I have a Bank
class with a list of Account
. The bank has a transfer()
method to transfer a value from one account to another. The idea is to lock both the from
and to
accounts within a transfer.
To solve this issue I have the following code (please bear in mind that this is a very trivial example because it's just that, an example):
public class Account {
private int mBalance;
public Account() {
mBalance = 0;
}
public void withdraw(int value) {
mBalance -= value;
}
public void deposit(int value) {
mBalance += value;
}
}
public class Bank {
private List<Account> mAccounts;
private int mSlots;
public Bank(int slots) {
mAccounts = new ArrayList<Account>(Collections.nCopies(slots, new Account()));
mSlots = slots;
}
public void transfer(int fromId, int toId, int value) {
synchronized(mAccounts.get(fromId, toId)) {
synchronized(mAccounts.get(toId)) {
mAccounts.get(fromId).withdraw(value);
mAccounts.get(toId).deposit(value);
}
}
}
}
This works, but does not prevent deadlocks.
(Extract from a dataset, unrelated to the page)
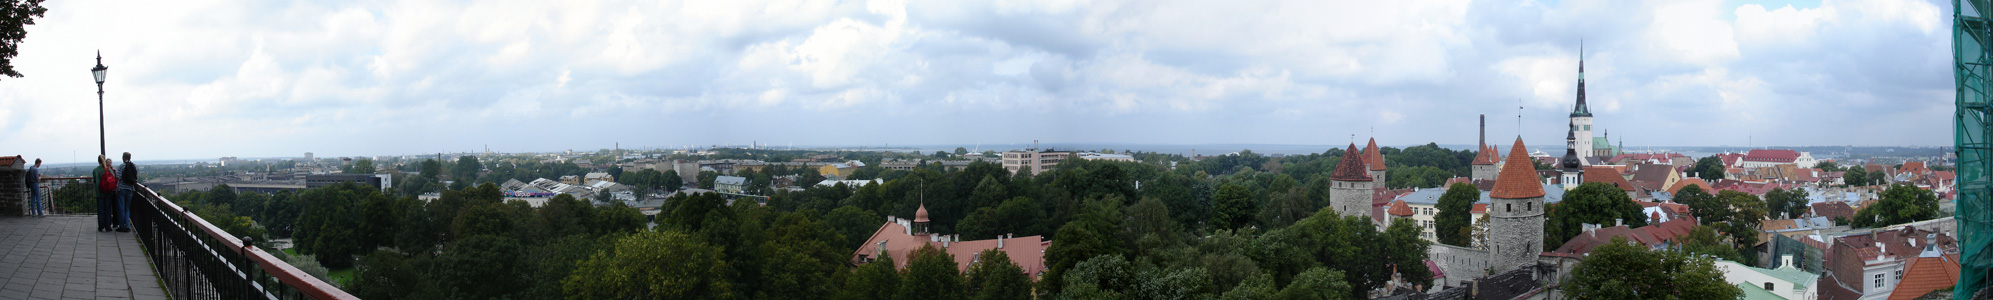 Toompea, Tallinn (Estonia)

To fix that, we need to change the synchronization to the following:
synchronized(mAccounts.get(Math.min(fromId, toId))) {
synchronized(mAccounts.get(Math.max(fromId, toId))) {
mAccounts.get(fromId).withdraw(value);
mAccounts.get(toId).deposit(value);
}
}
But the compiler warns me about nested synchronization blocks and I trust that that is a bad thing to do? Also, I'm not very fond of the max/min solution (I was not the one who came up with that idea) and I would like to avoid that if possible.
How would one fix those 2 problems above? If we could lock on more than one object, we would lock both the from
and to
account, but we can't do that (as far as I know). What's the solution then?